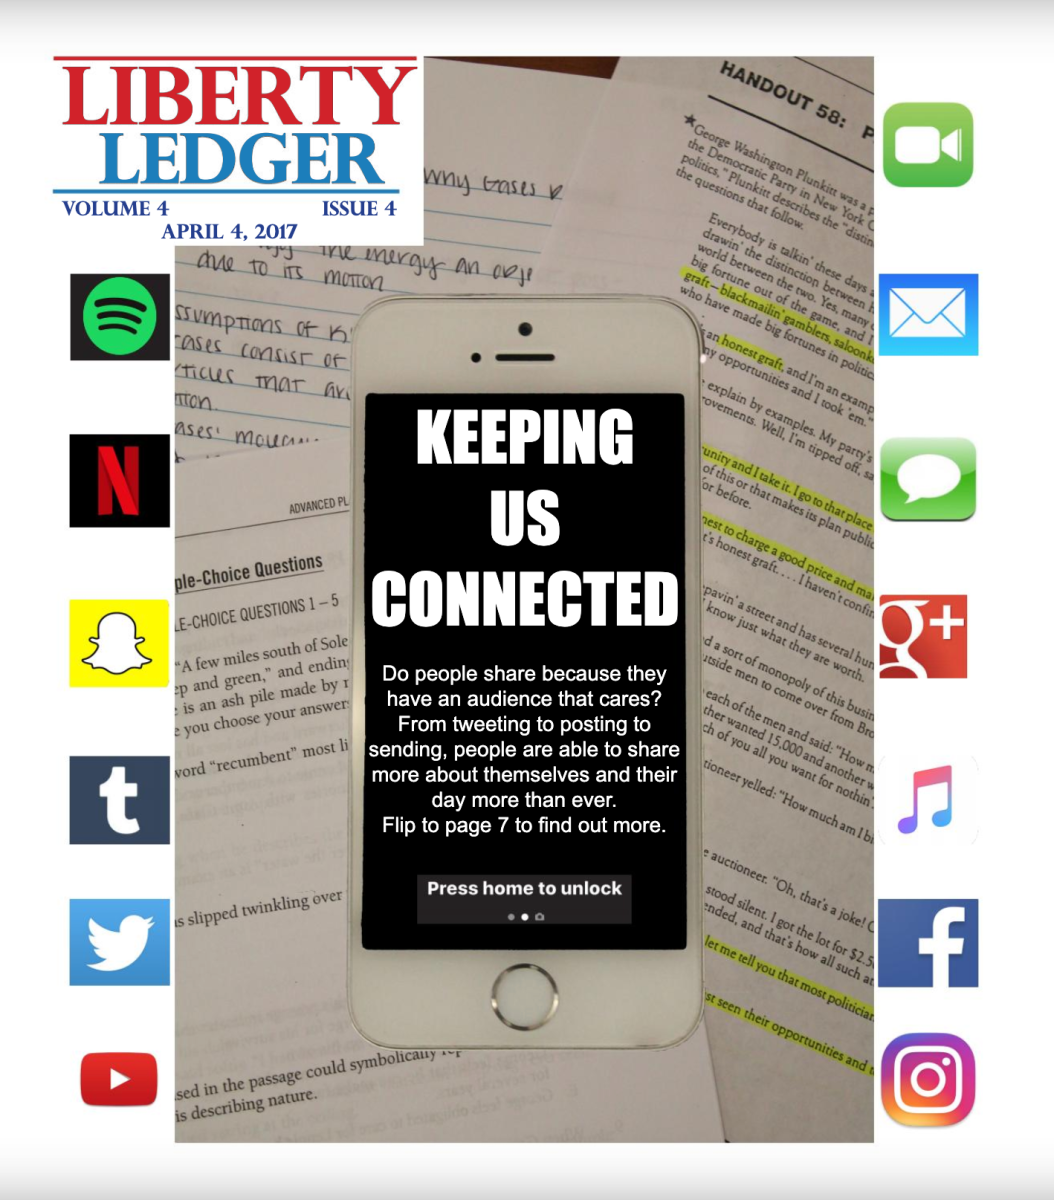 The Ledger Volume 4 Issue 4: Keeping Us Connected
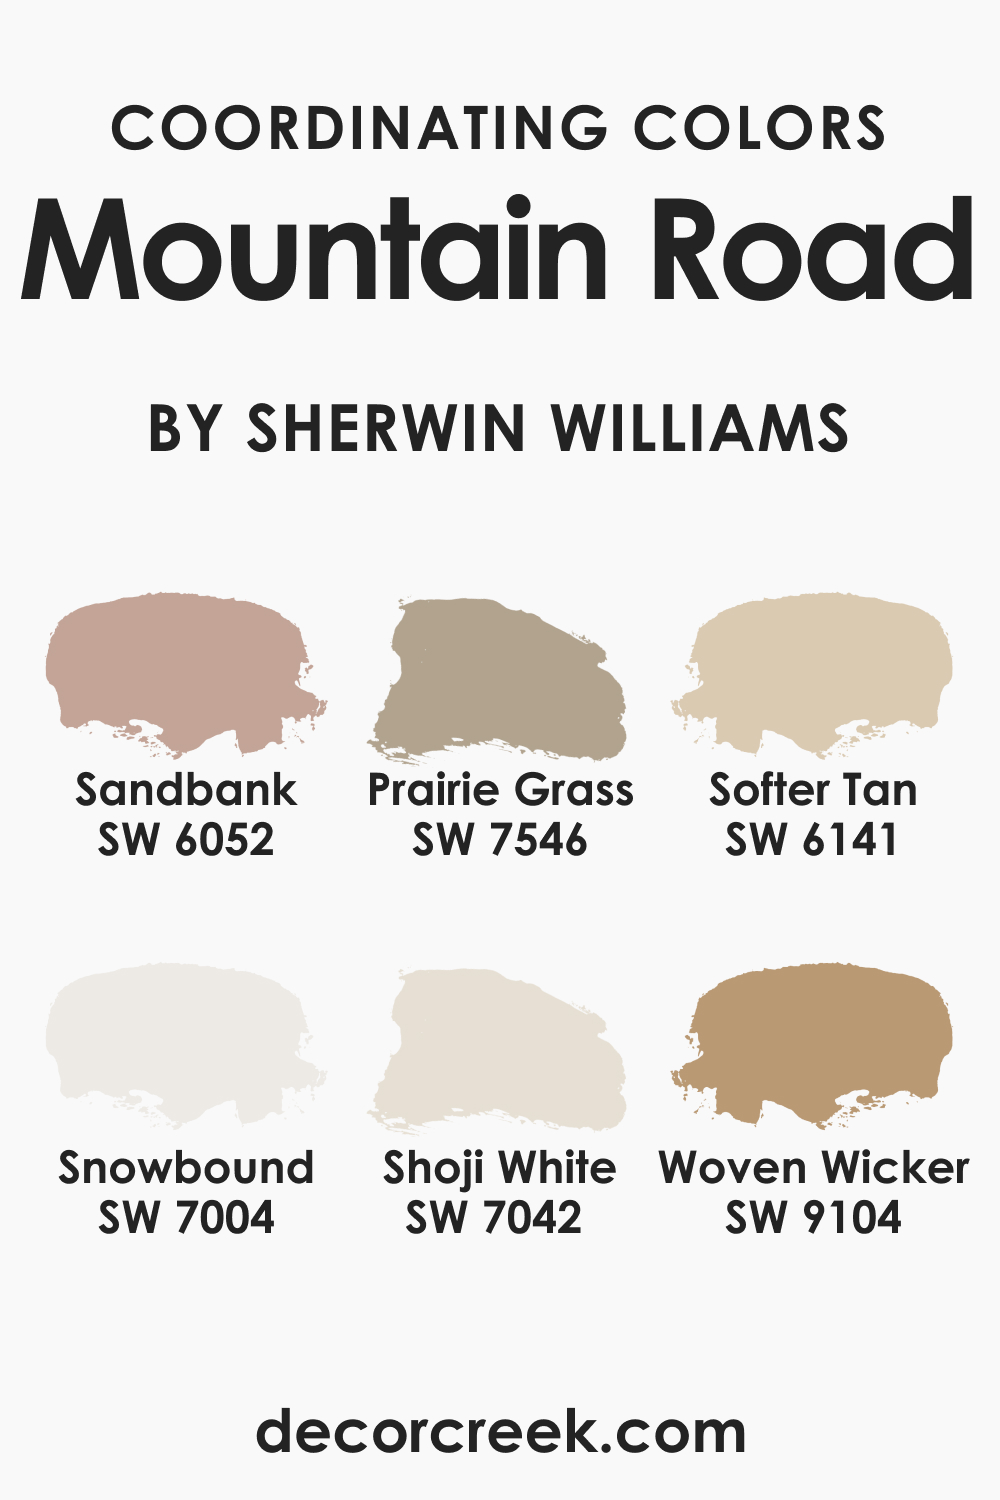 Coordinating Colors of SW 7743 Mountain Road
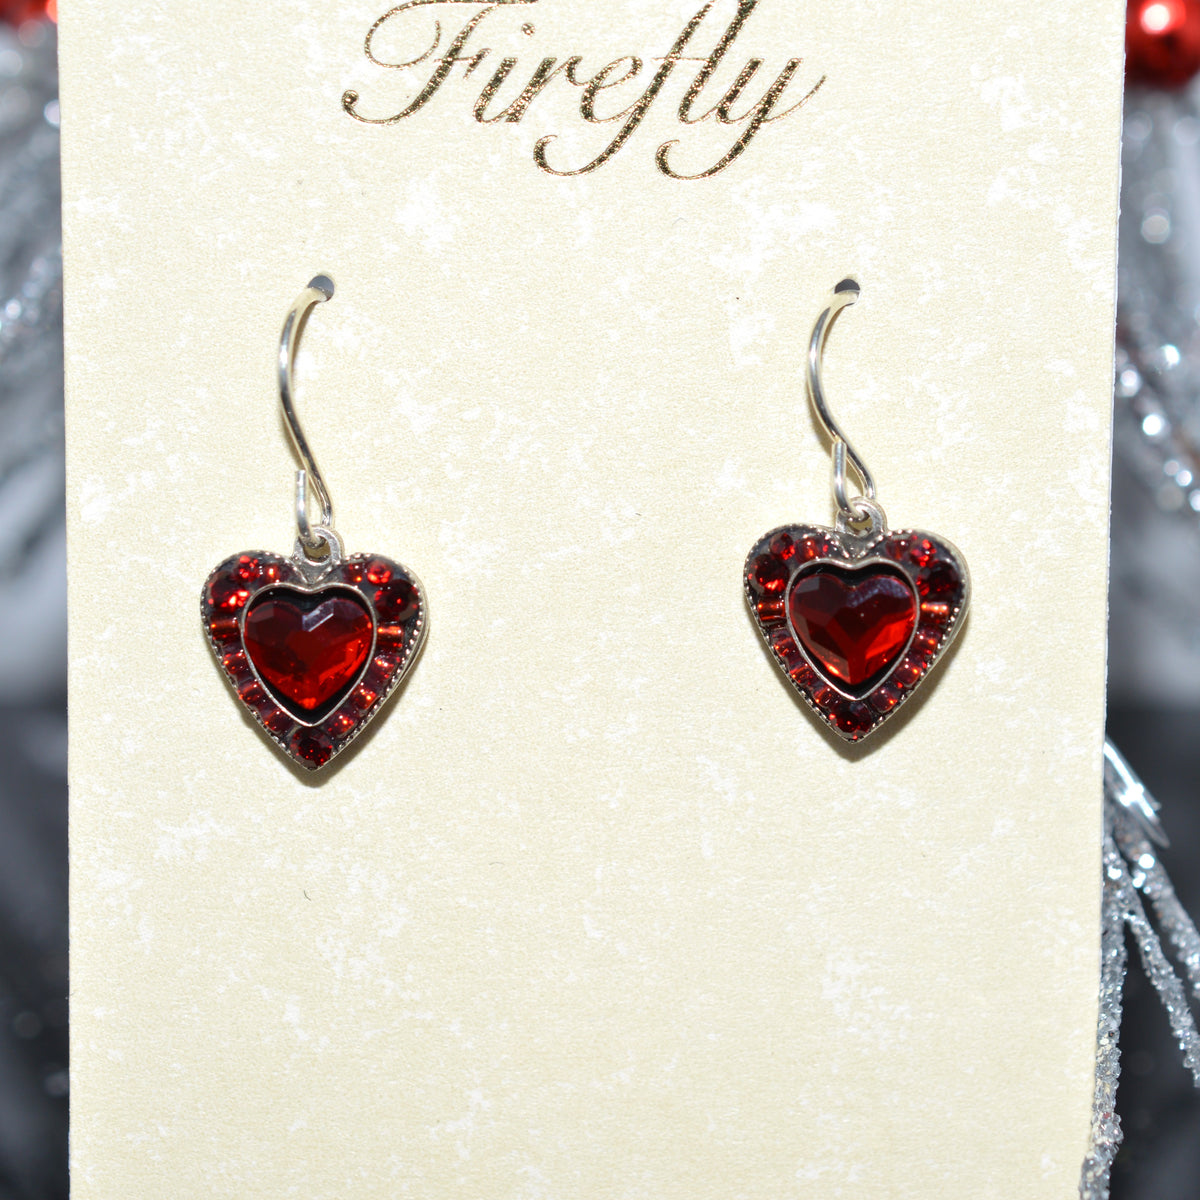 Antique Silver Plated Red Crystal Heart Earrings by Firefly
+---+
■ Your assignment: Using the material above, restate word for word the lines from the line that has "Coordinating Colors of SW 7743 Mountain Road" to the last line, inclusive, with pictures omitted.

■ Reply to the task:
 Coordinating Colors of SW 7743 Mountain Road
 Antique Silver Plated Red Crystal Heart Earrings by Firefly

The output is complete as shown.